## Your goal
Omit the pictures and retype only the lines from the one containing "Sztuczna Inteligencja. Zapraszamy" through the end of the listing, both ends included.

## Data section
============

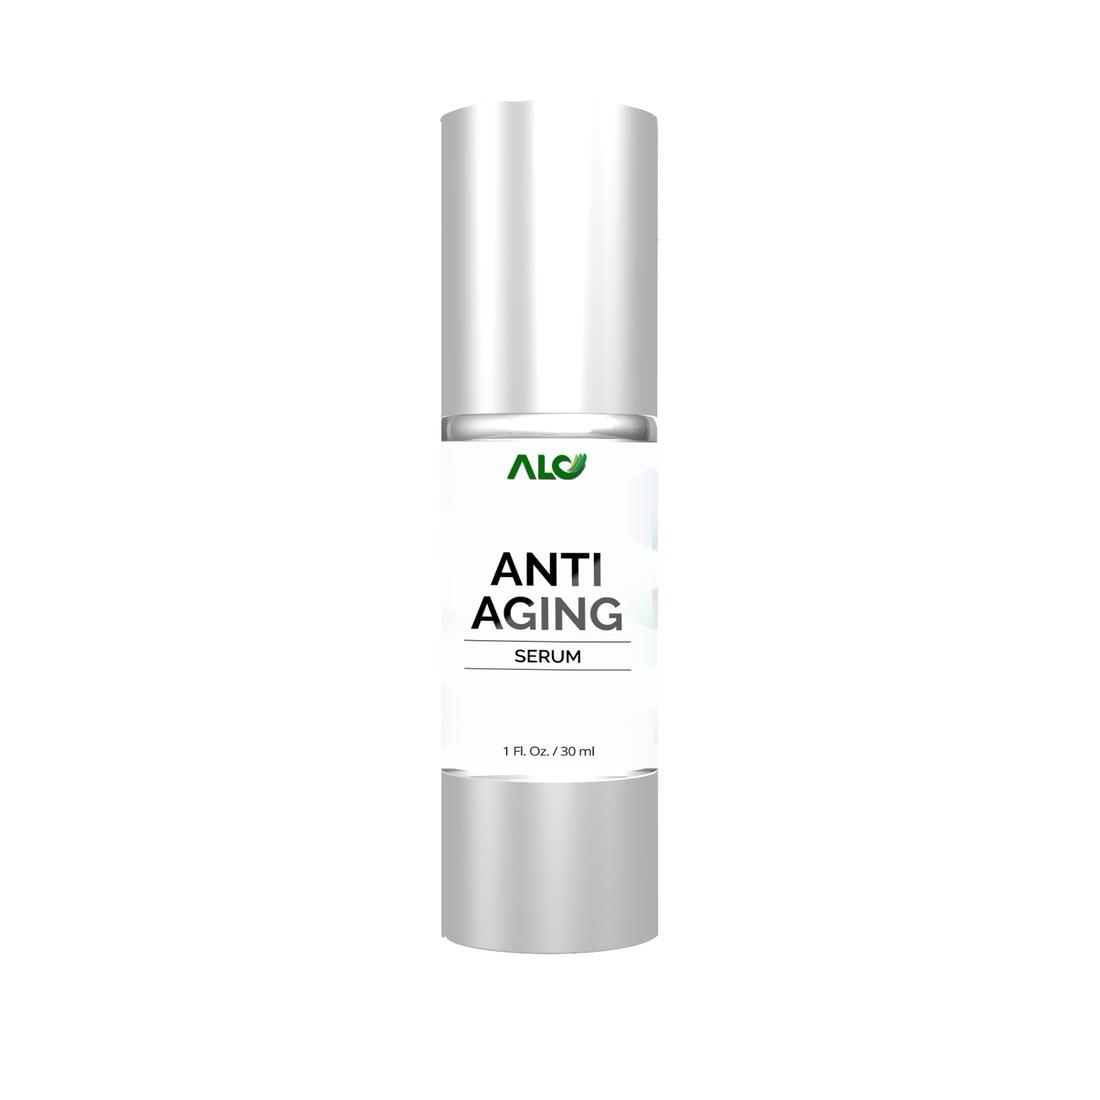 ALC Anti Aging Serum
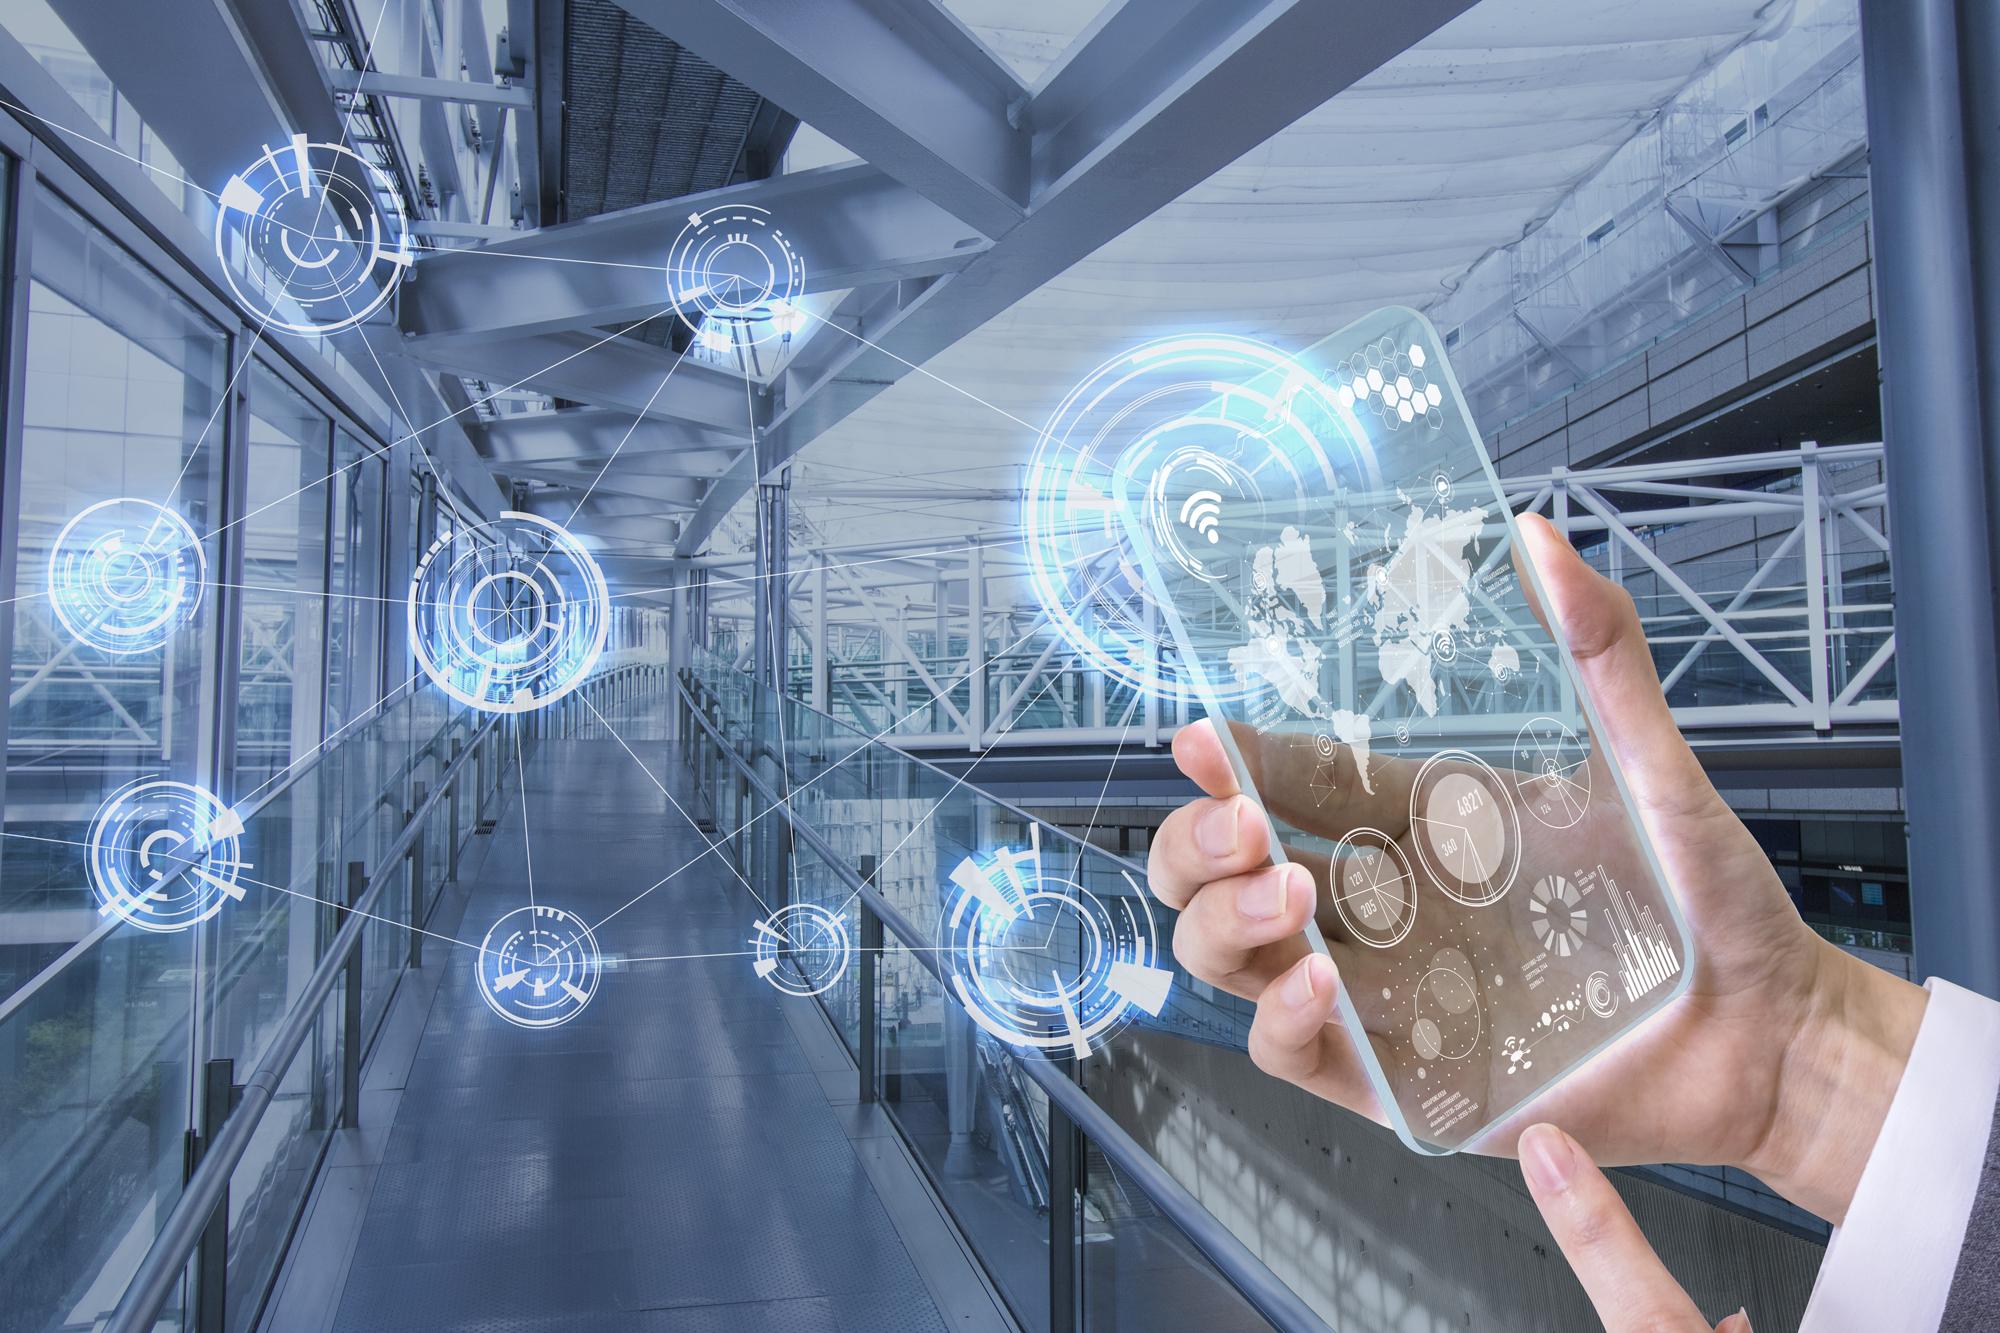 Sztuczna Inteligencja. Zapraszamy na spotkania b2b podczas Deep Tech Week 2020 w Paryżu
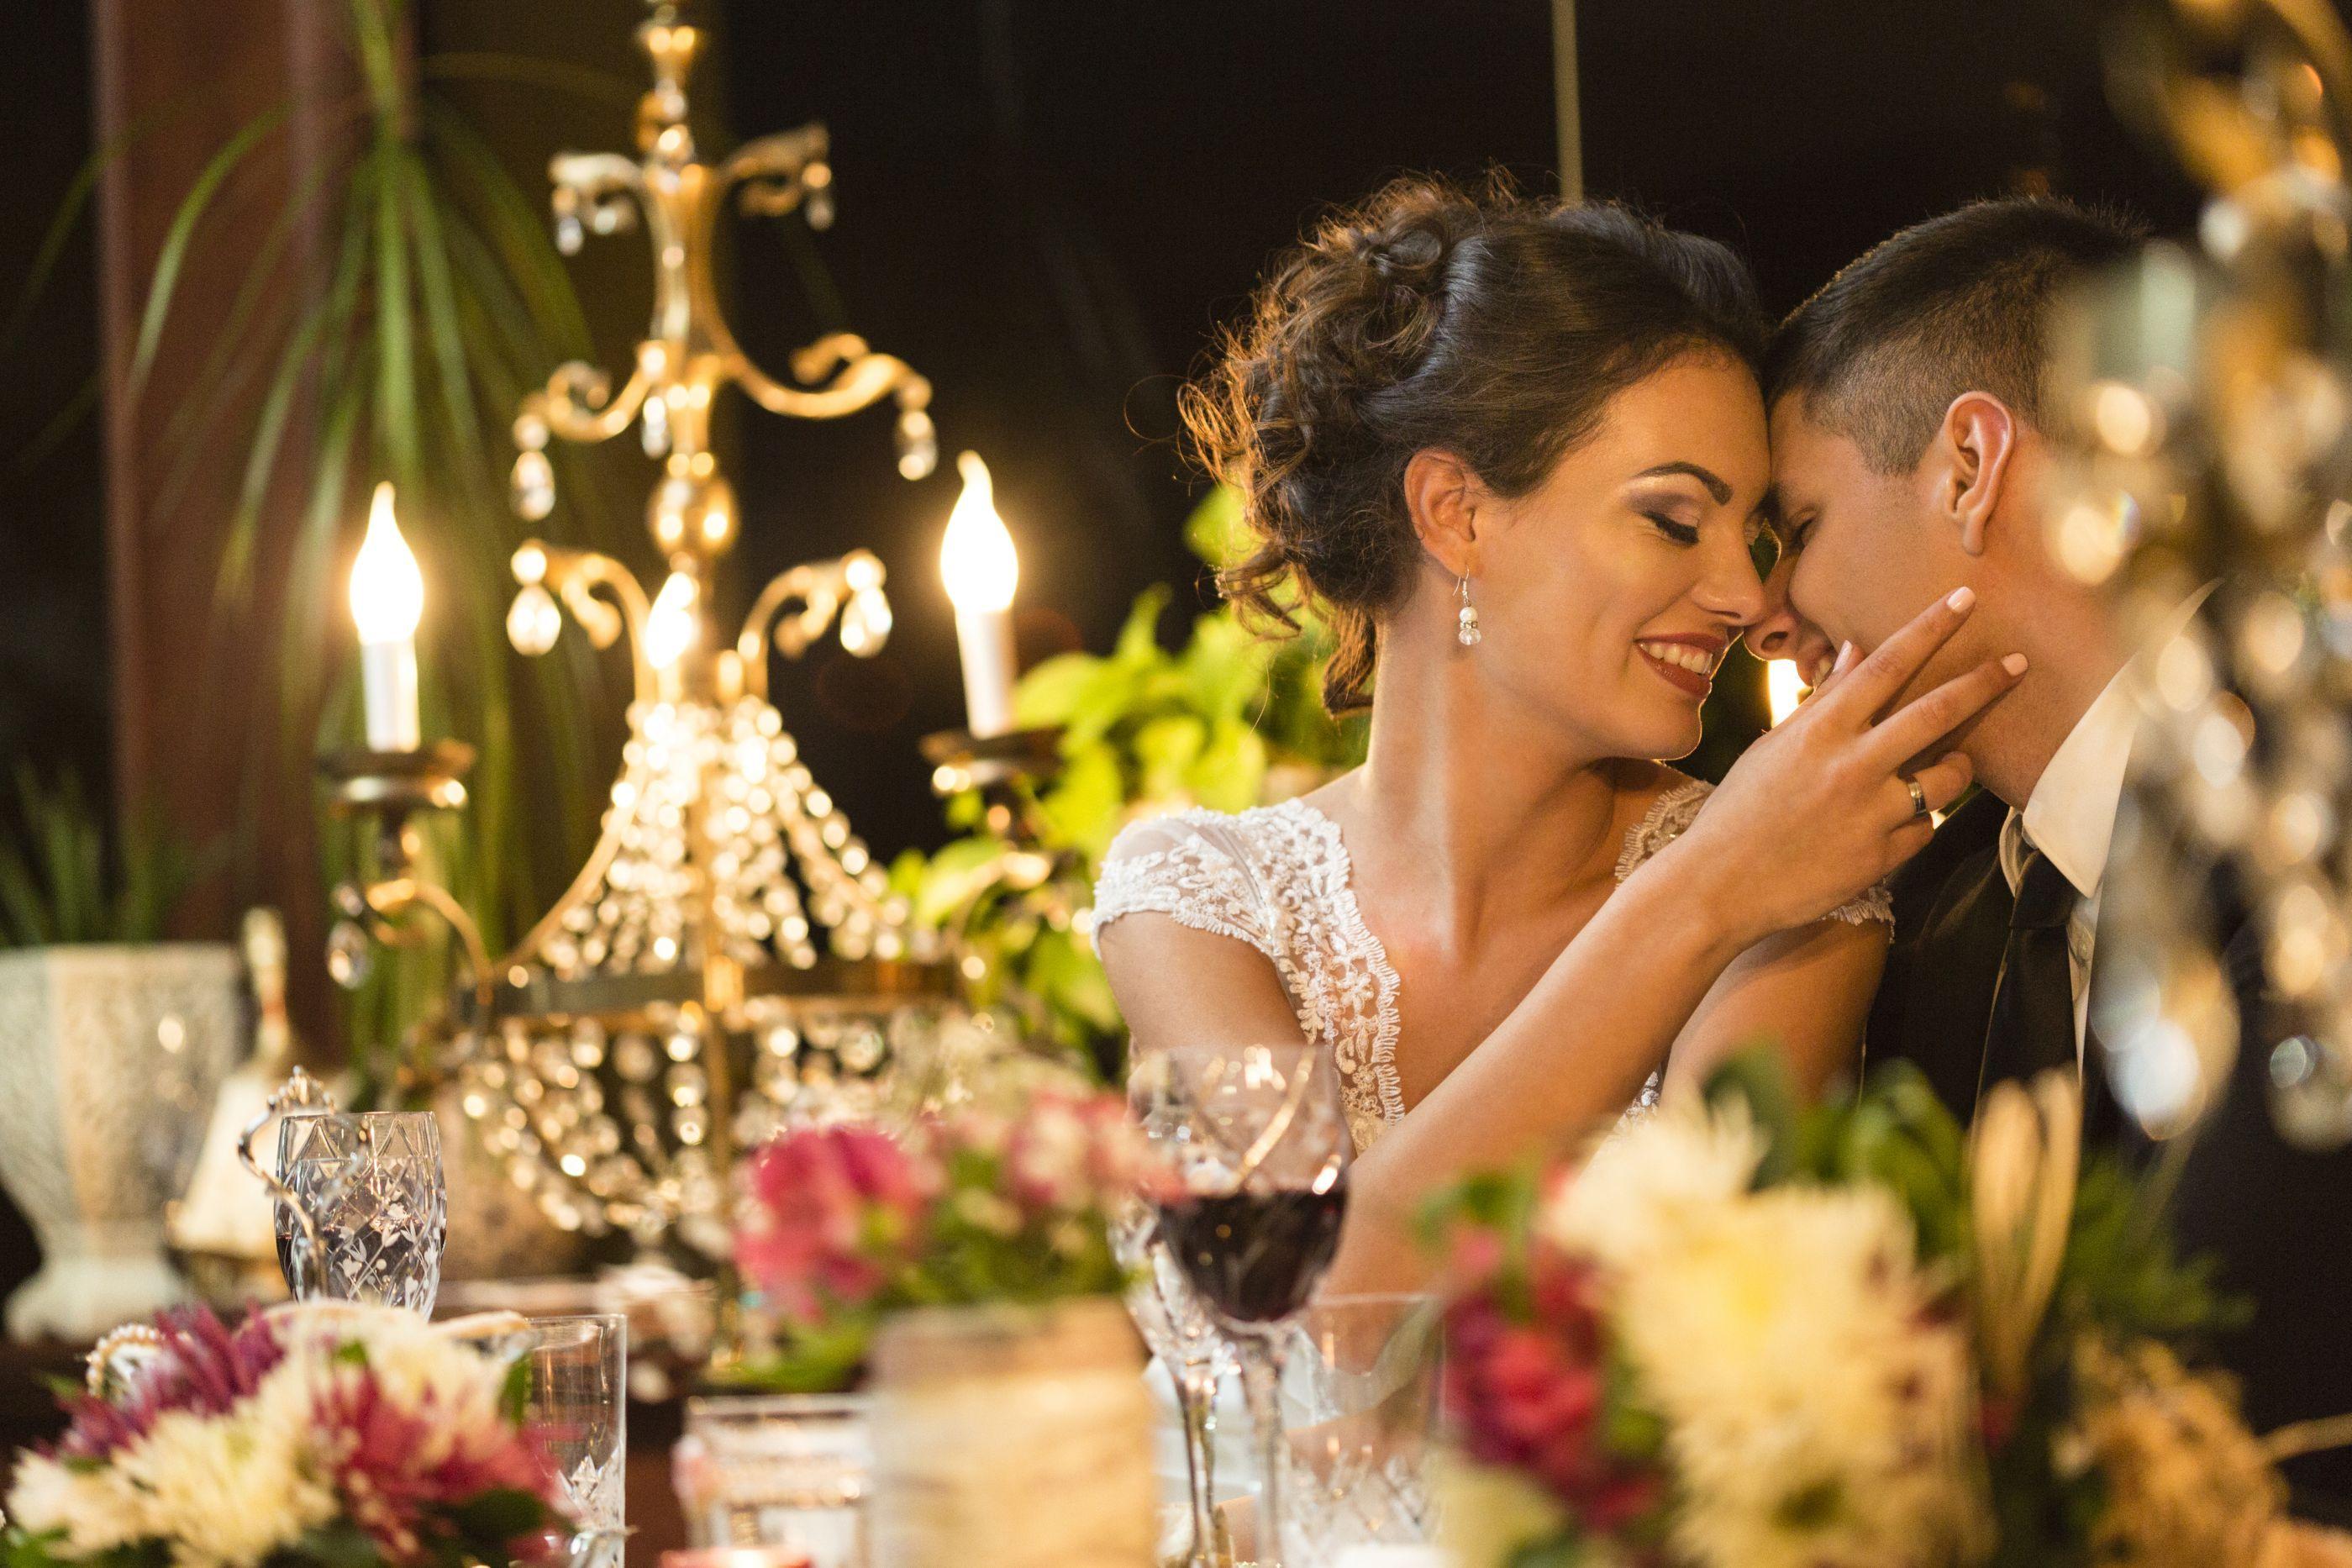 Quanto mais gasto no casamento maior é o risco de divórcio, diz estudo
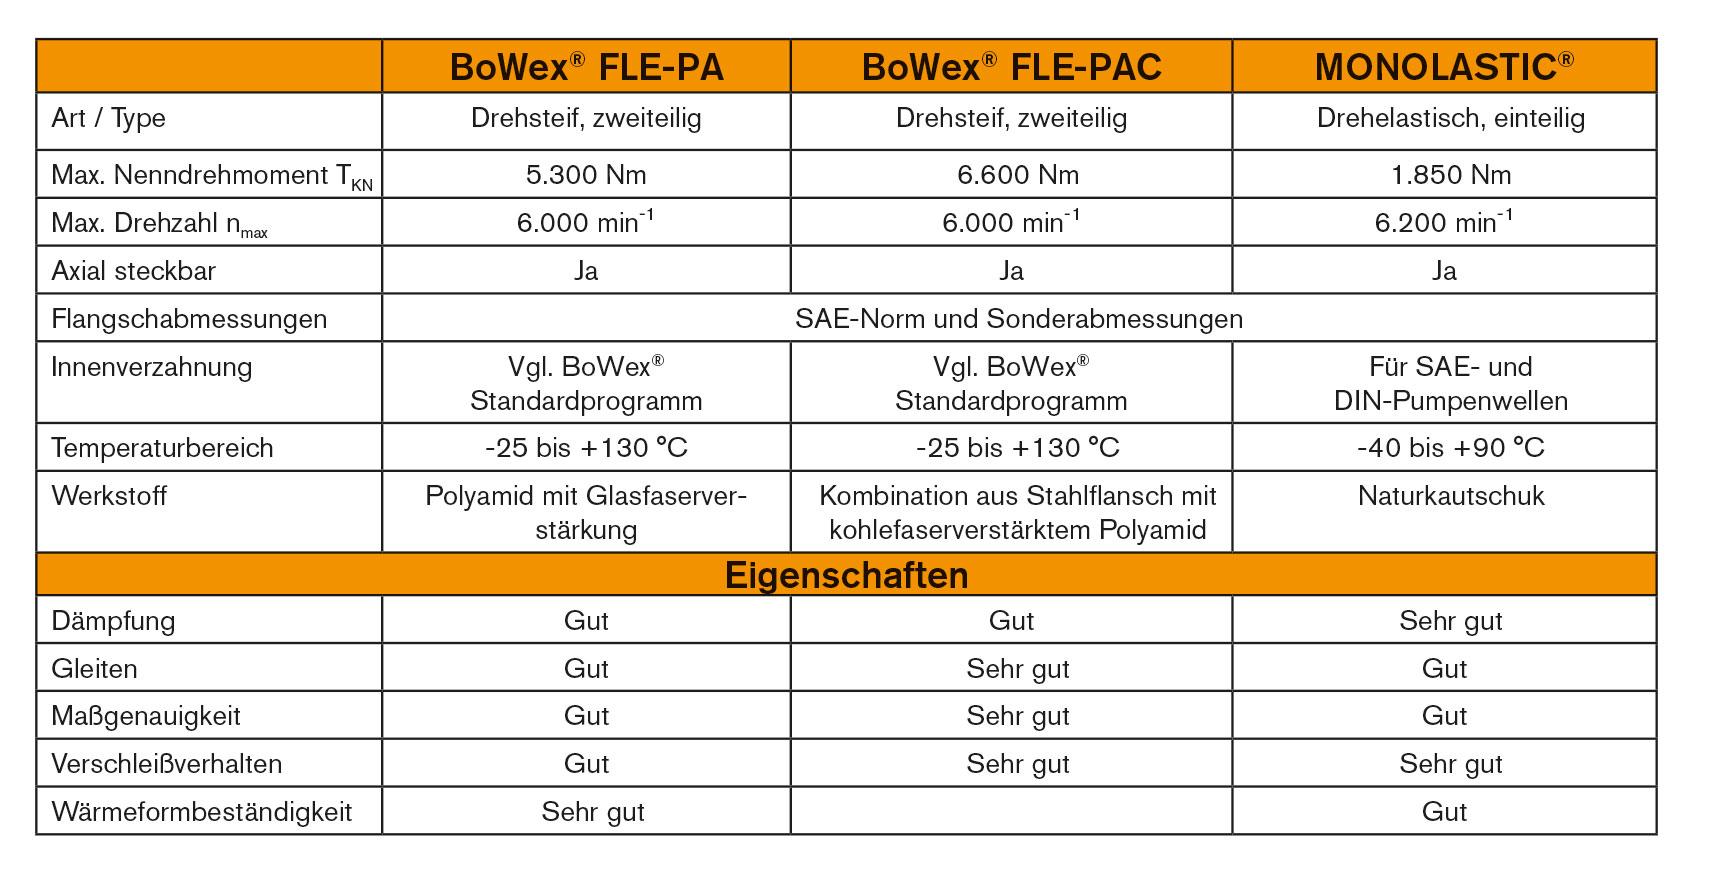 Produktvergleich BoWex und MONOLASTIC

============

## Result for this task
 Sztuczna Inteligencja. Zapraszamy na spotkania b2b podczas Deep Tech Week 2020 w Paryżu
 Quanto mais gasto no casamento maior é o risco de divórcio, diz estudo
 Produktvergleich BoWex und MONOLASTIC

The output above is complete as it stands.